Goehring suggested that perhaps the draft report had been posted because some of the discussion had not gone in a direction that some groups wanted, but Schechtman said it had to be public because the committee is a federal advisory committee.
Although the committee has been formed to focus on compensation, Angela Olsen, a senior adviser and associate general counsel for Pioneer Hi-Bred, a DuPont business, said “We have seen no evidence of economic losses to date, therefore it is premature to have a discussion about a compensation mechanism.”
The draft includes three options involving crop insurance — one that would direct the secretary to determine if there are losses and, if so, develop a crop insurance mechanism, a second that would recommend a crop insurance pilot program, and a third that would involve evaluation of the economic data and establishment of a crop insurance program in a region of the country where losses have occurred.
“I can support Option One but I want it clear it is a compromise,” Olsen said.
Laura Batcha, executive vice president of the Organic Trade Association, said she could support Option Two.
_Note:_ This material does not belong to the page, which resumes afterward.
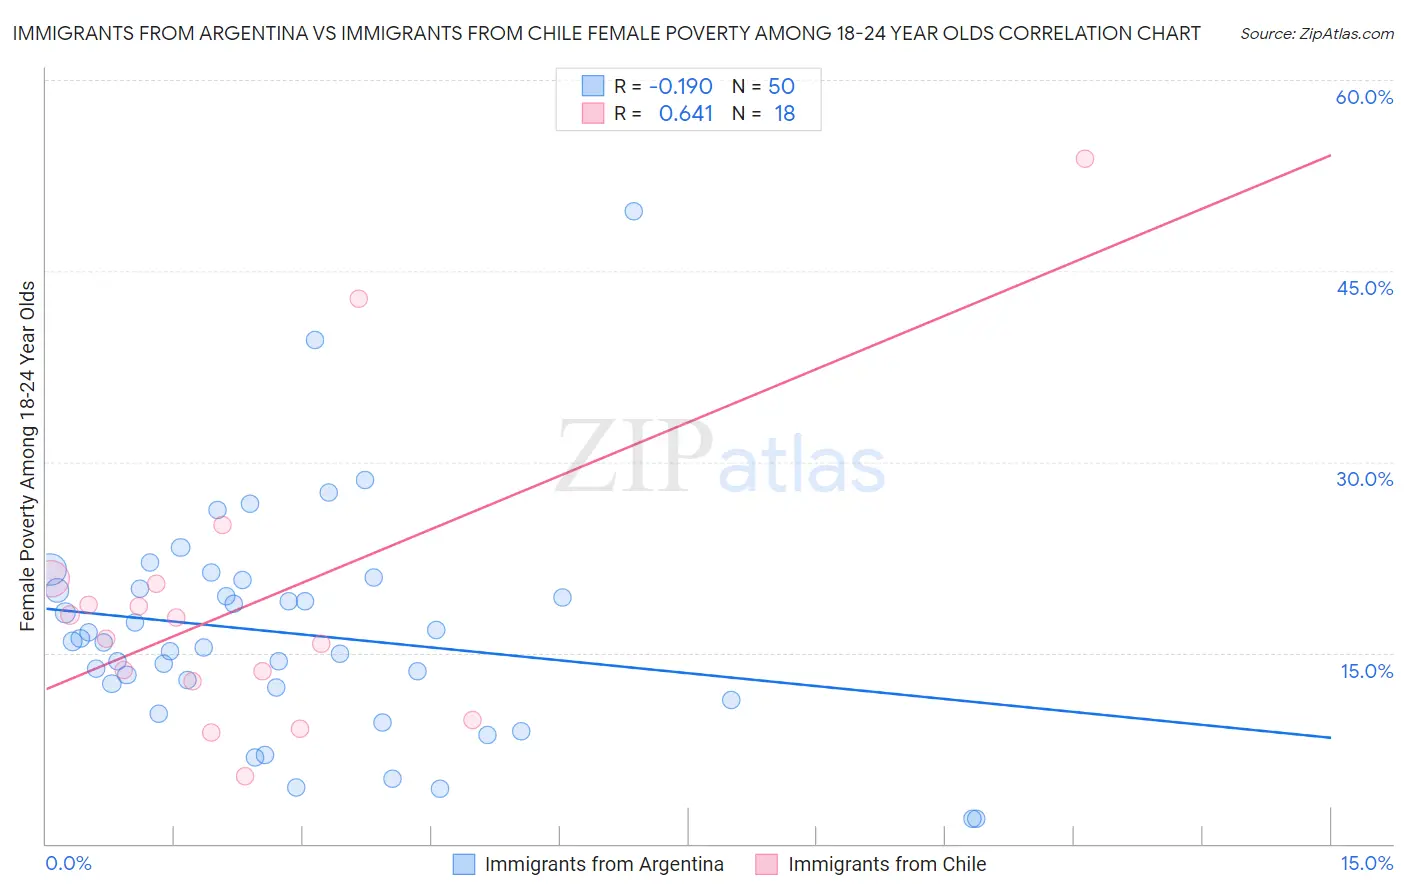 Immigrants from Argentina vs Immigrants from Chile Female Poverty Among 18-24 Year Olds

But Marilyn Howell Martens, an organic farmer from Penn Yan, N.Y., said “Organic farmers don’t want compensation mechanisms. They don’t want to buy insurance. “
Instead, she said, they want assurances that their crops will not be contaminated.
Some members suggested that technical agreements between the companies and the farmers could include provisions for consultation among farmers, but it would probably be impossible to enforce those provisions.
Melissa Hughes, the general counsel and director of government affairs for CROPP Cooperative/Organic Valley Family of Farms, said that the compensation mechanism could be a way to avoid conflicts among farmers.